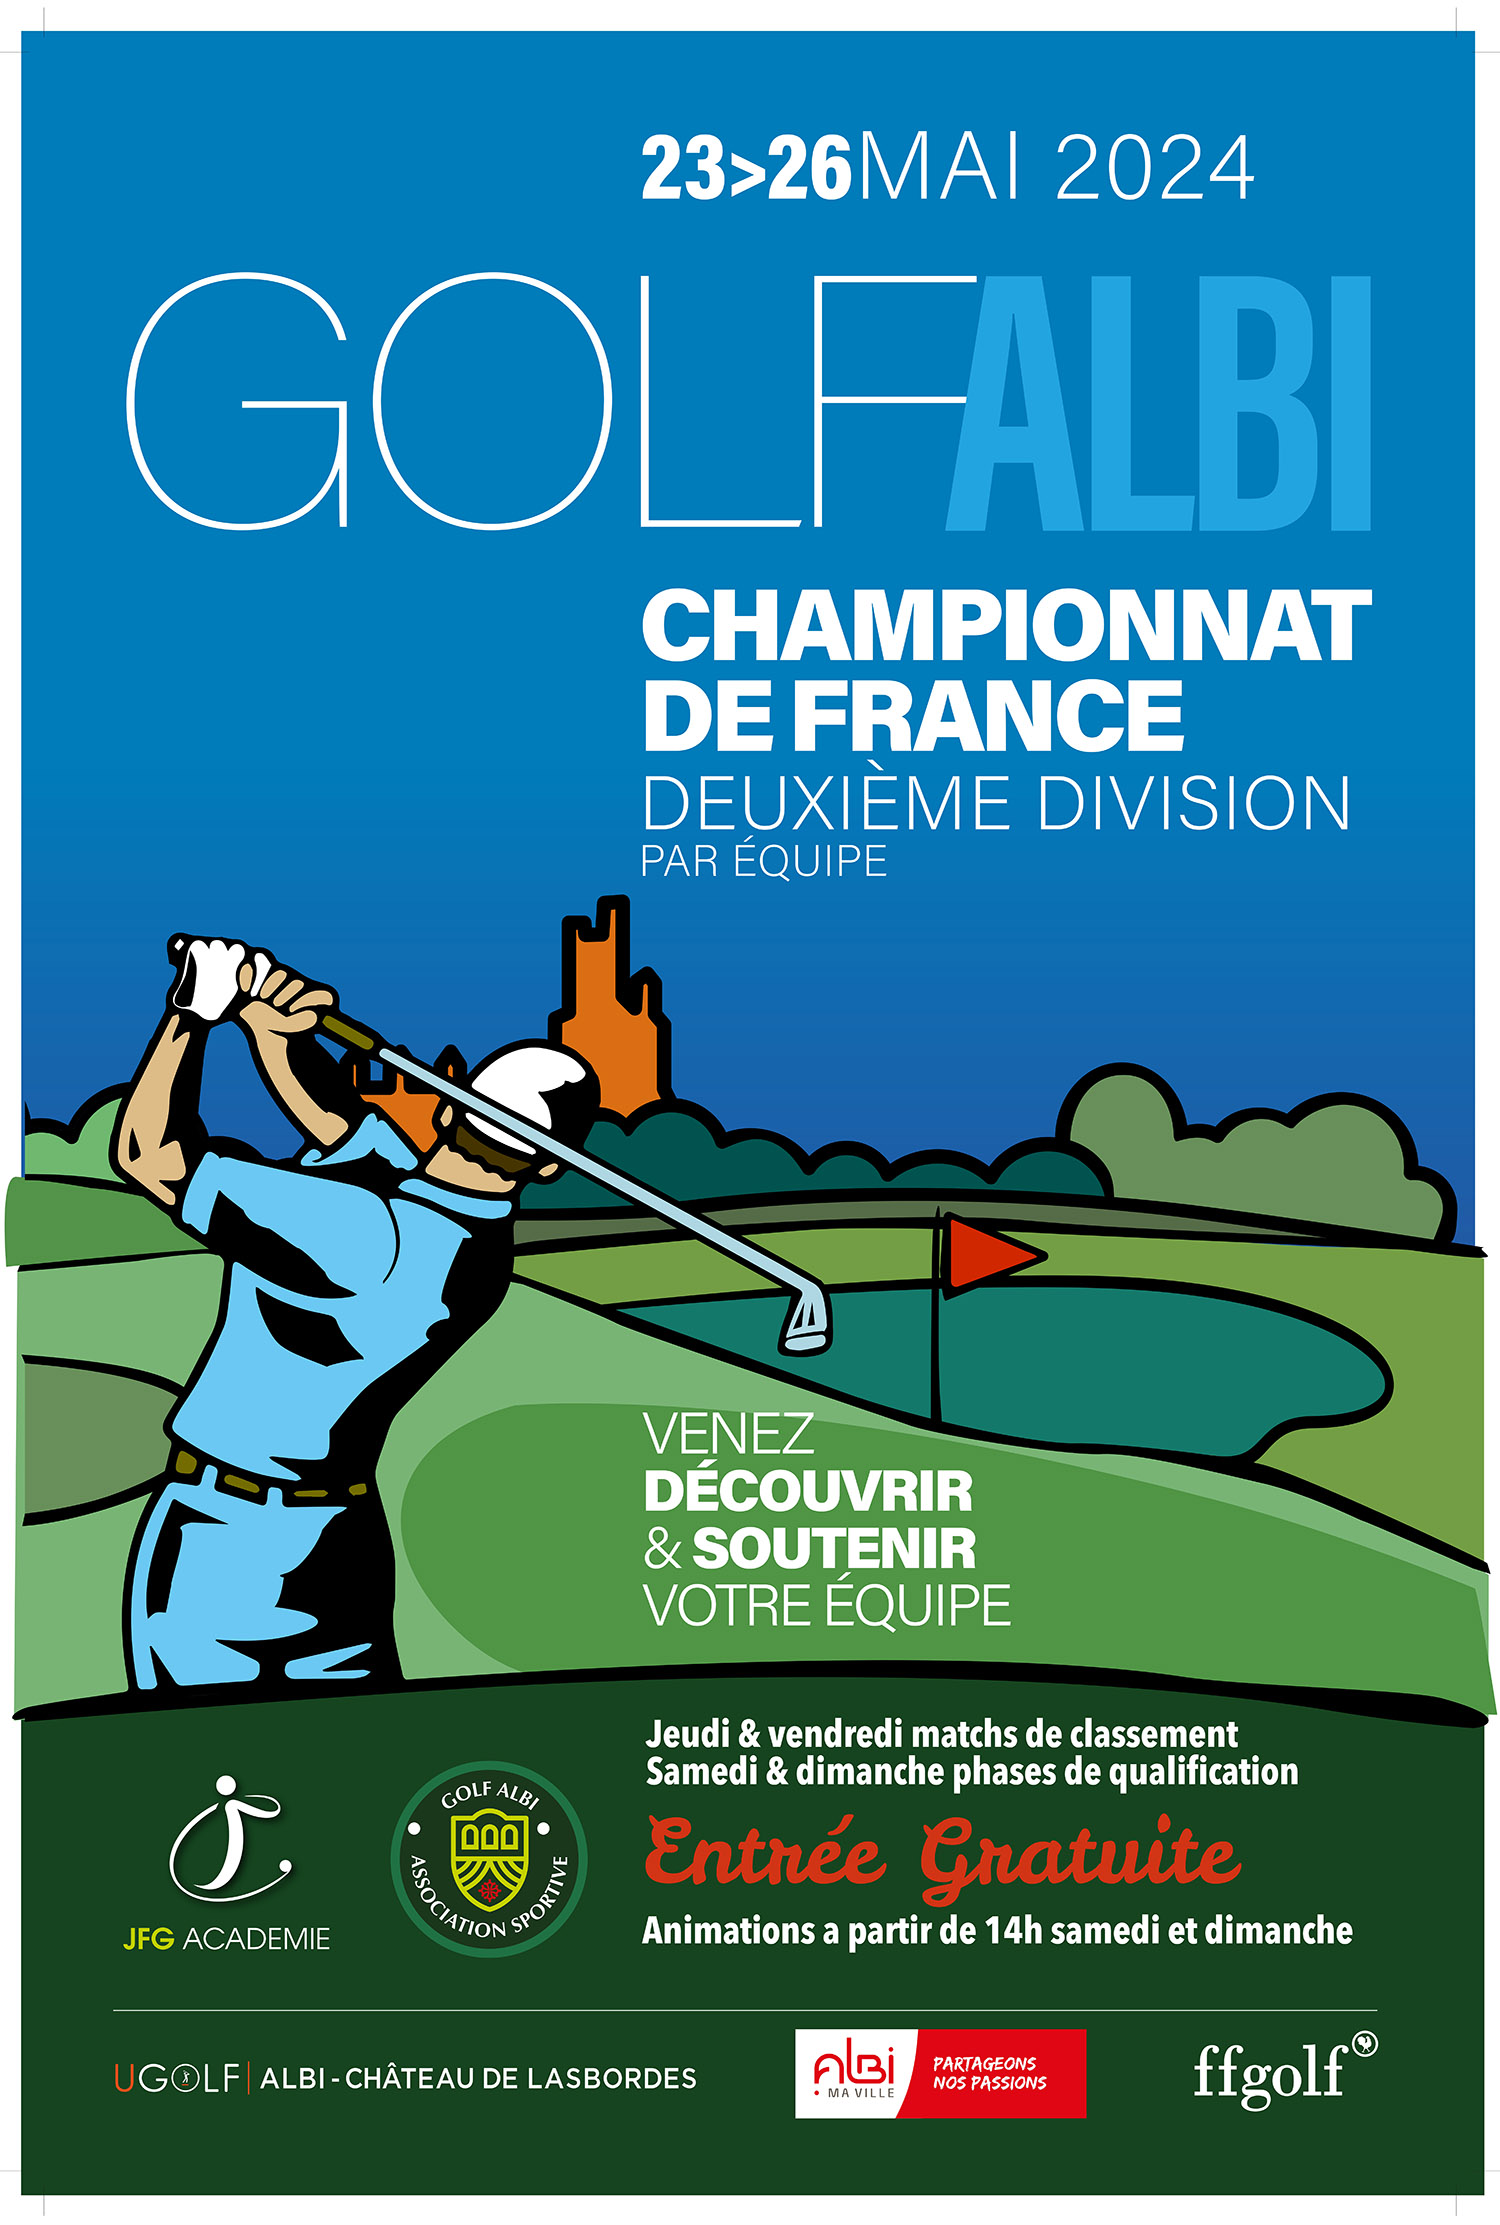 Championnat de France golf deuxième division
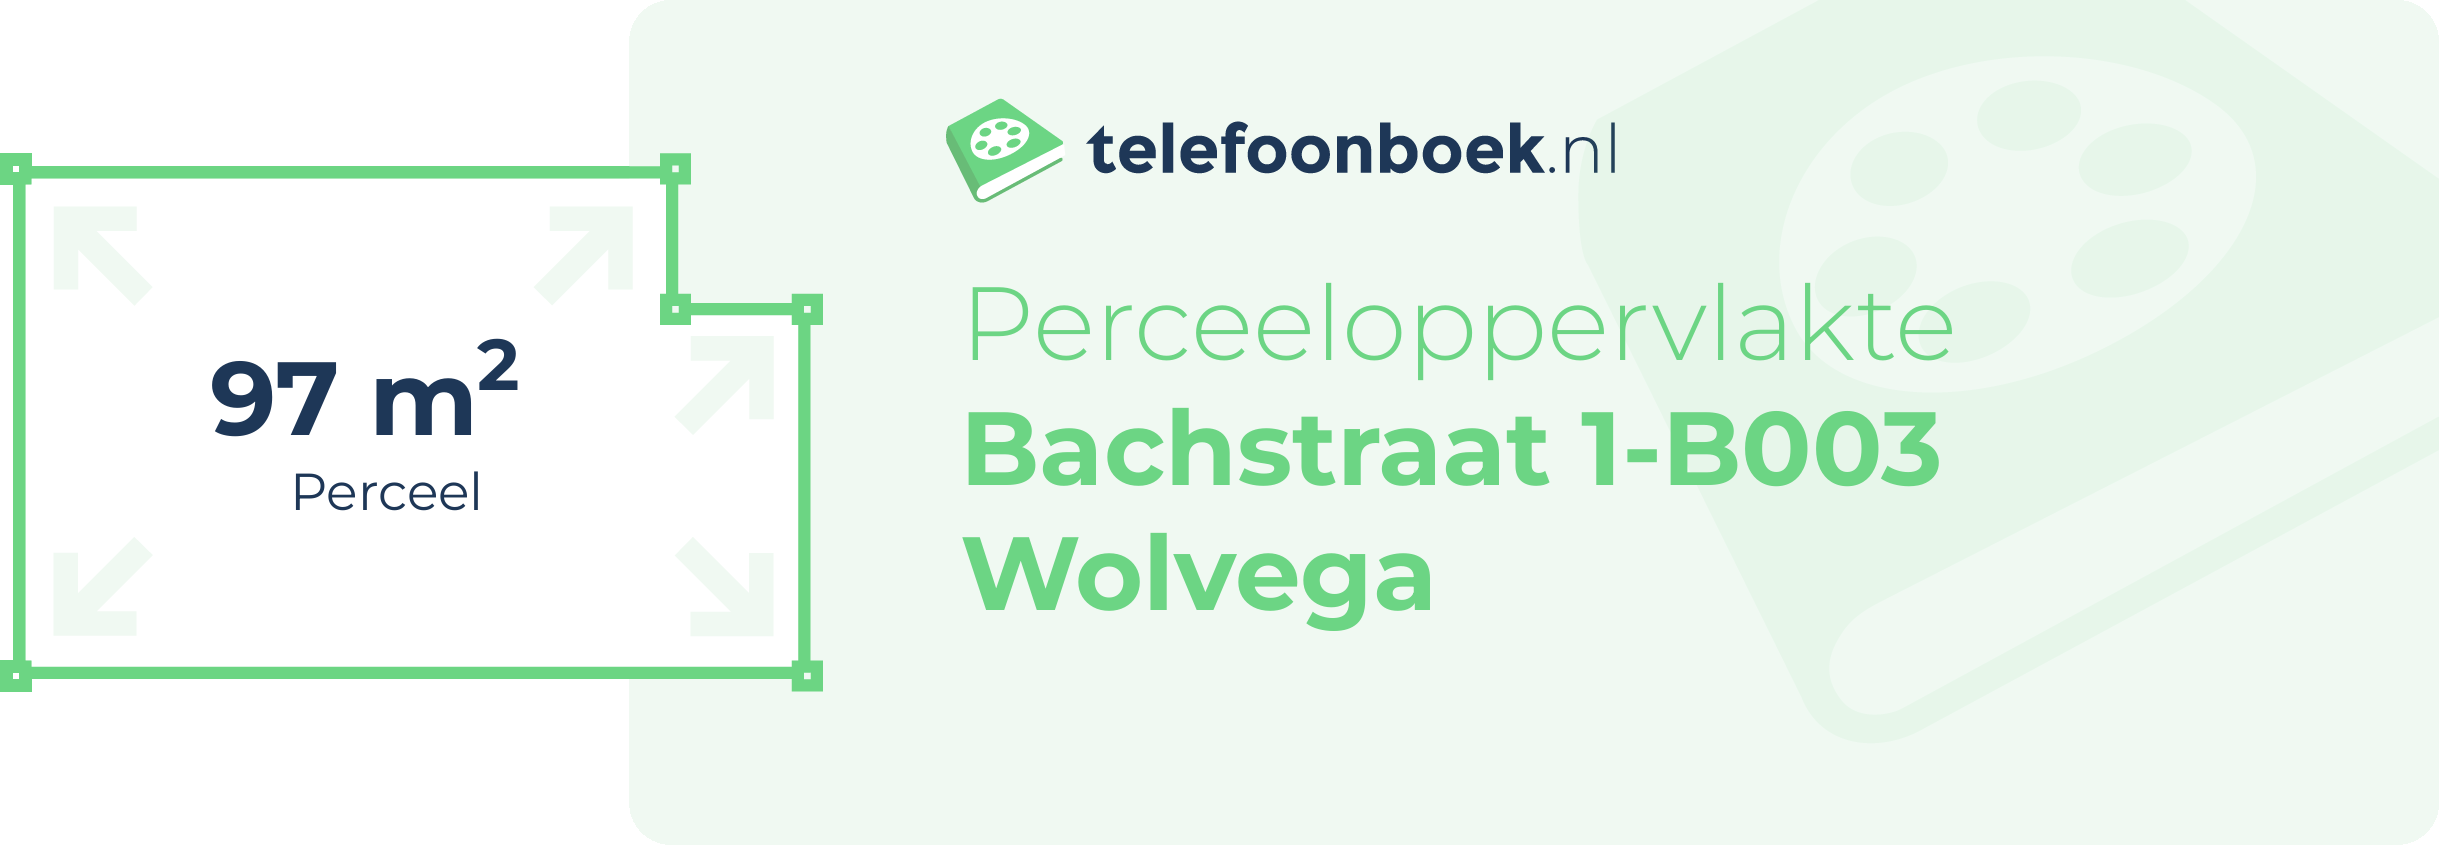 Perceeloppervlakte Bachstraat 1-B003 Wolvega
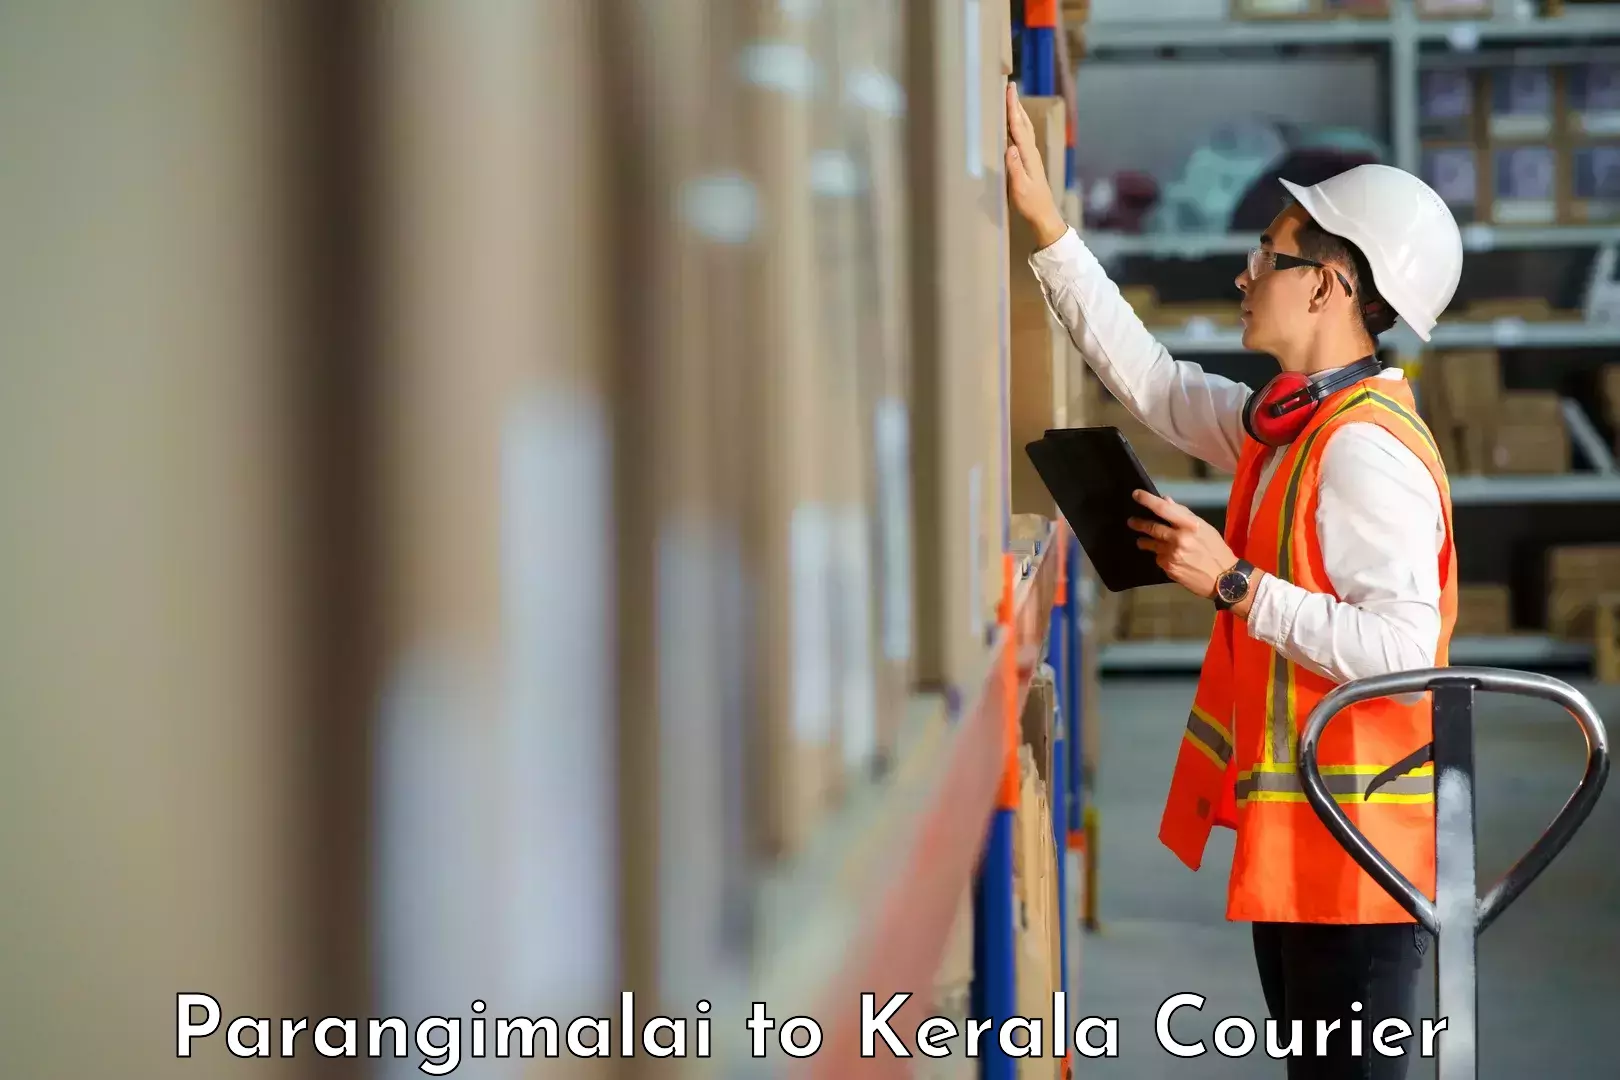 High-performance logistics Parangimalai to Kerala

▶ _What you need to do_
Return an exact transcription of the material, with its pictures left out.

▶ _Answer below_
 Championnat de France golf deuxième division
 Perceeloppervlakte Bachstraat 1-B003 Wolvega
 High-performance logistics Parangimalai to Kerala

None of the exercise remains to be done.